[Brief] Keep every word of the listing and reproduce it exactly, but set aside any image found there.

[Source data]

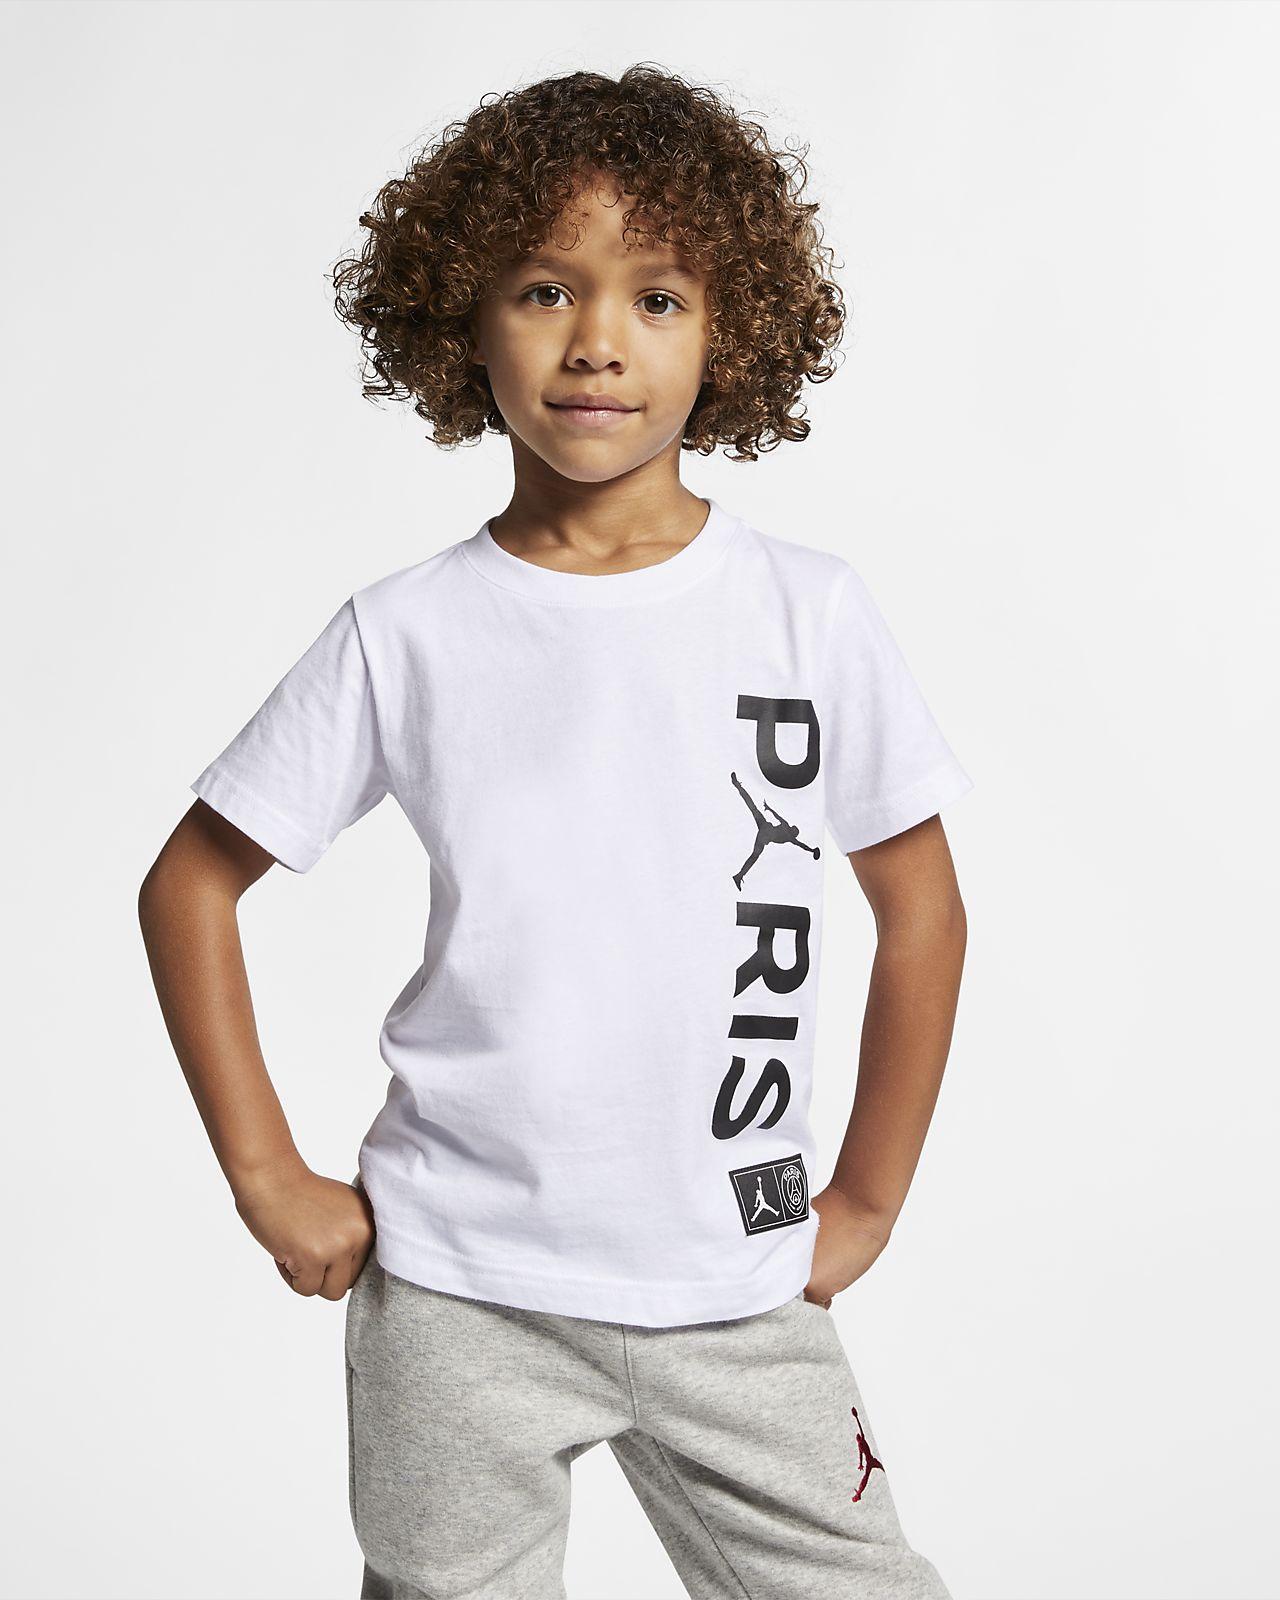 París Saint-Germain Camiseta - Niño/a pequeño/a
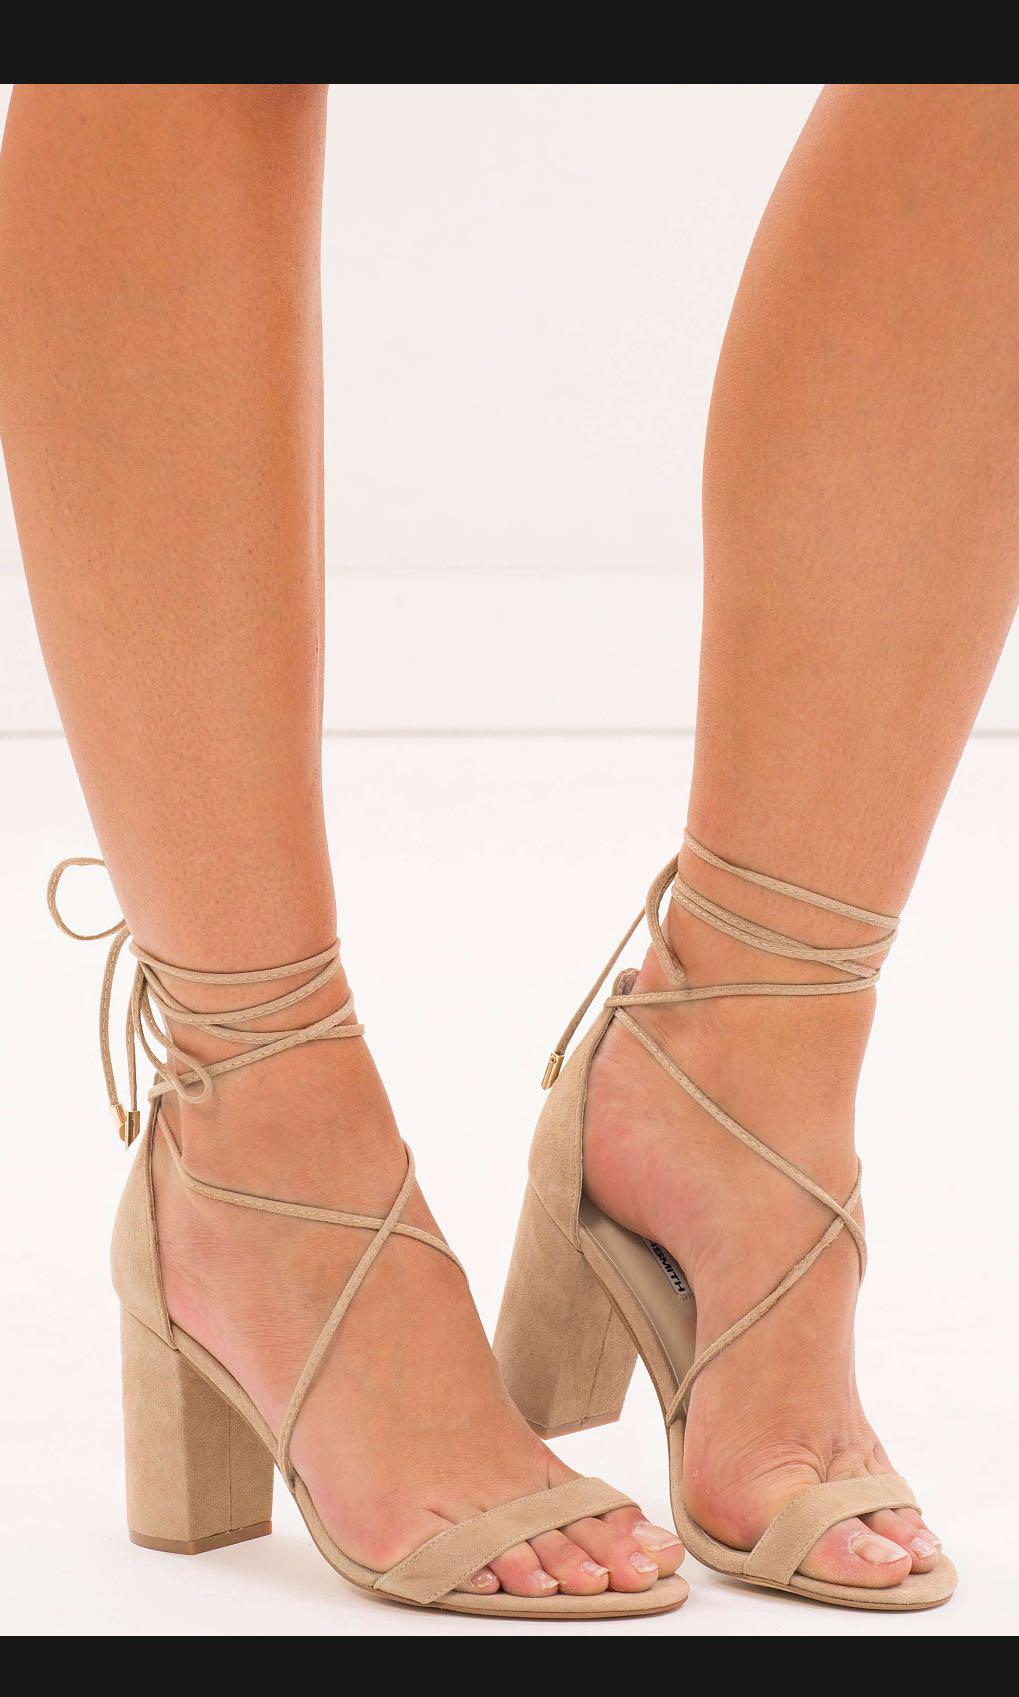 Windsor Smith Idina Lace Up Sandals
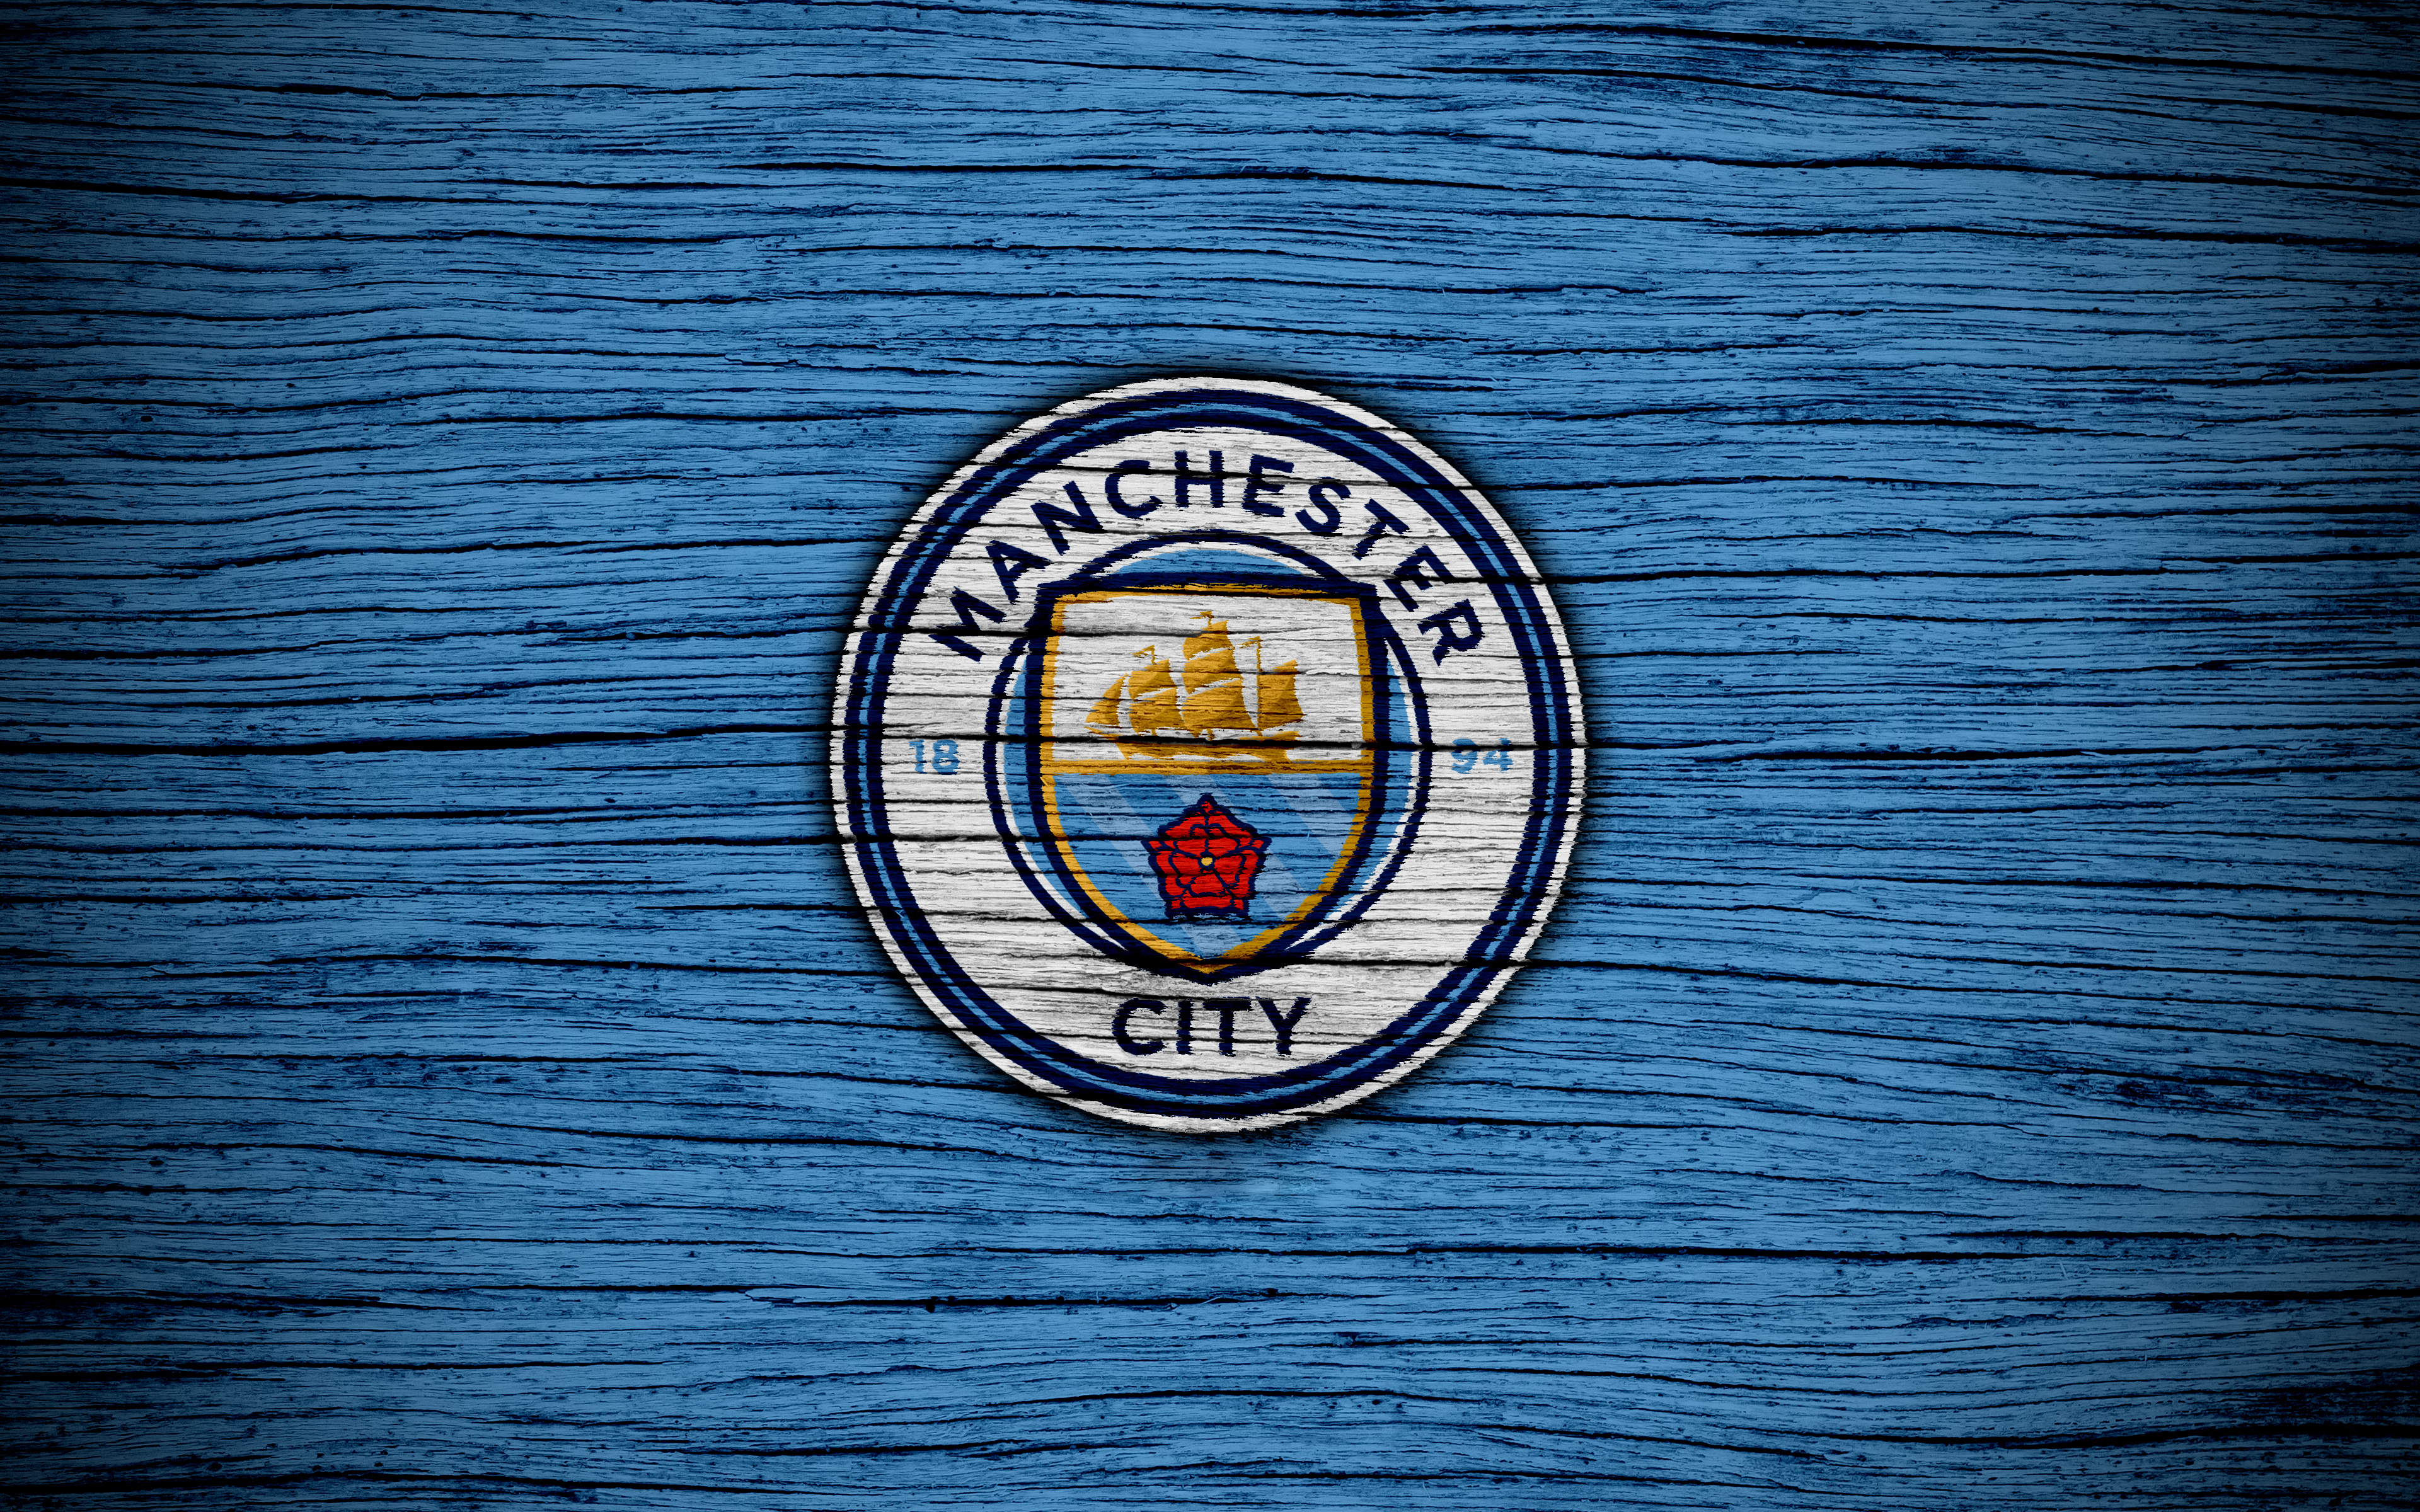 Manchester City Logo 4k Ultra HD Wallpaper | Background ...
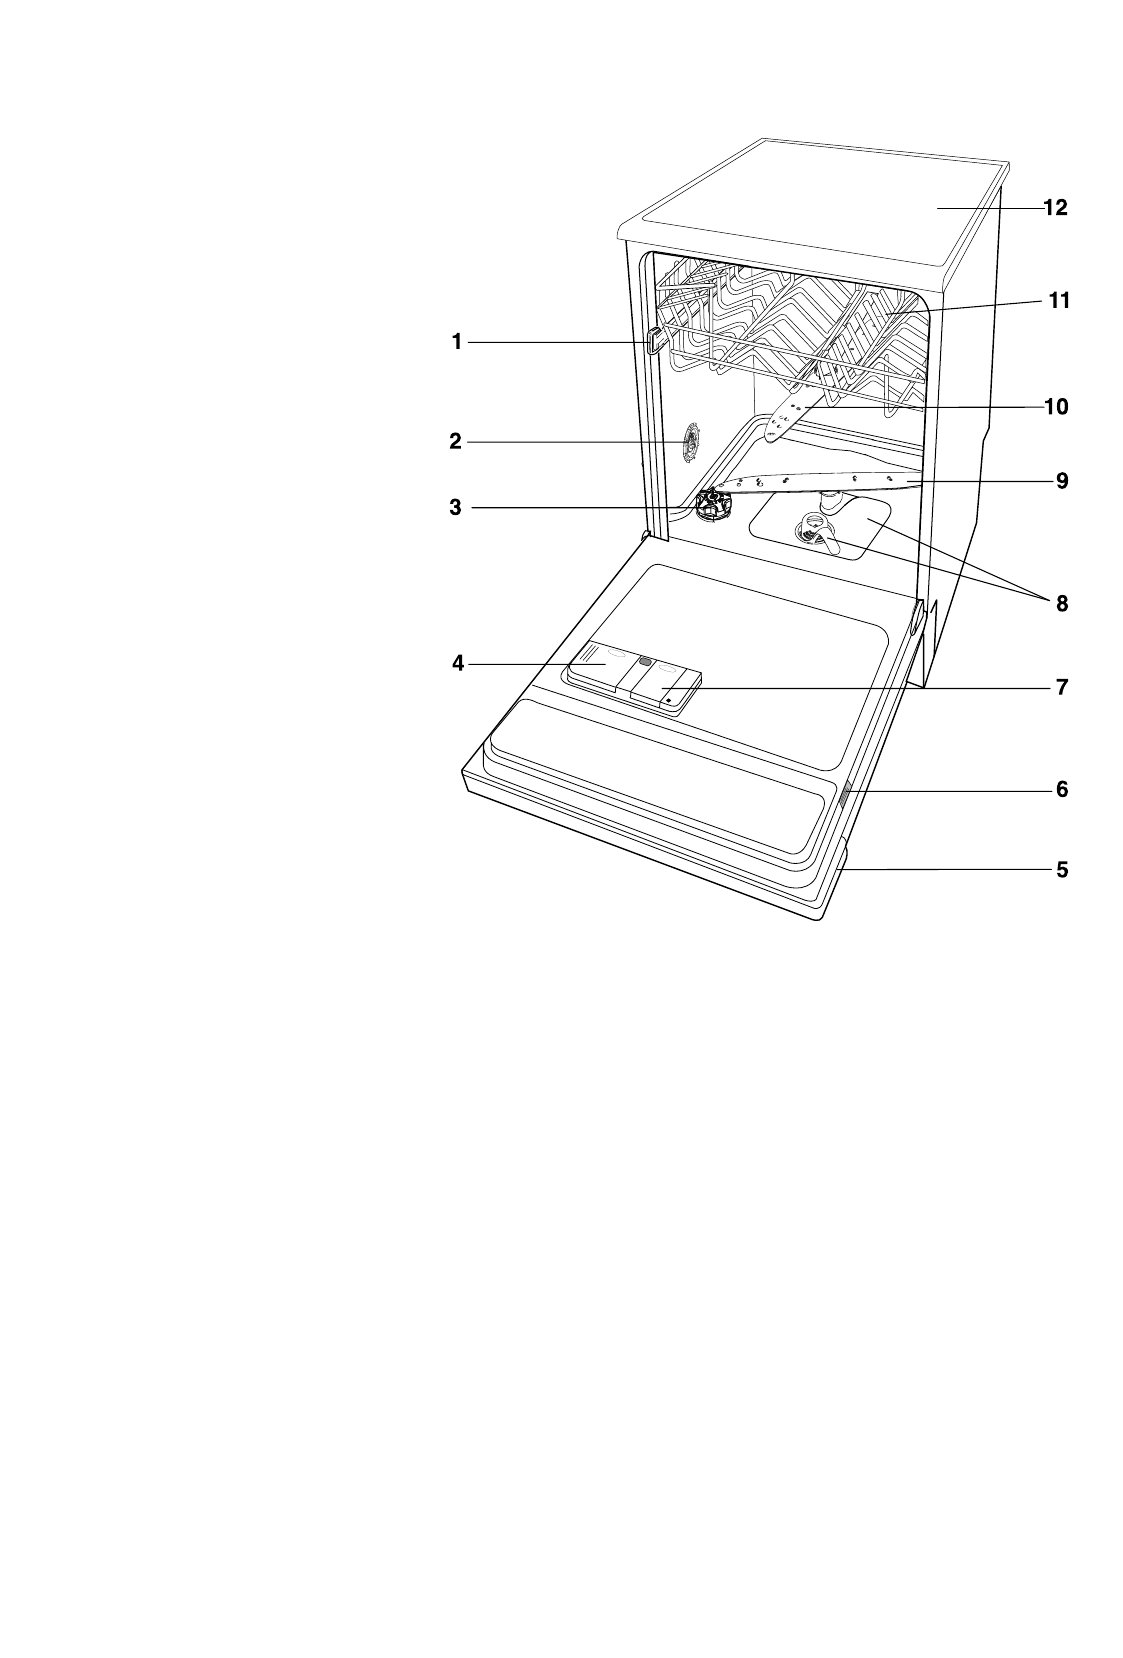 Zanussi Zdf 601 Instruction Booklet Washing Machine Wiring Diagram Service Manual Error Code Description Of The Appliance

[Answer for the task]
 París Saint-Germain Camiseta - Niño/a pequeño/a
 Windsor Smith Idina Lace Up Sandals
 Manchester City Logo 4k Ultra HD Wallpaper | Background ...
 Zanussi Zdf 601 Instruction Booklet Washing Machine Wiring Diagram Service Manual Error Code Description Of The Appliance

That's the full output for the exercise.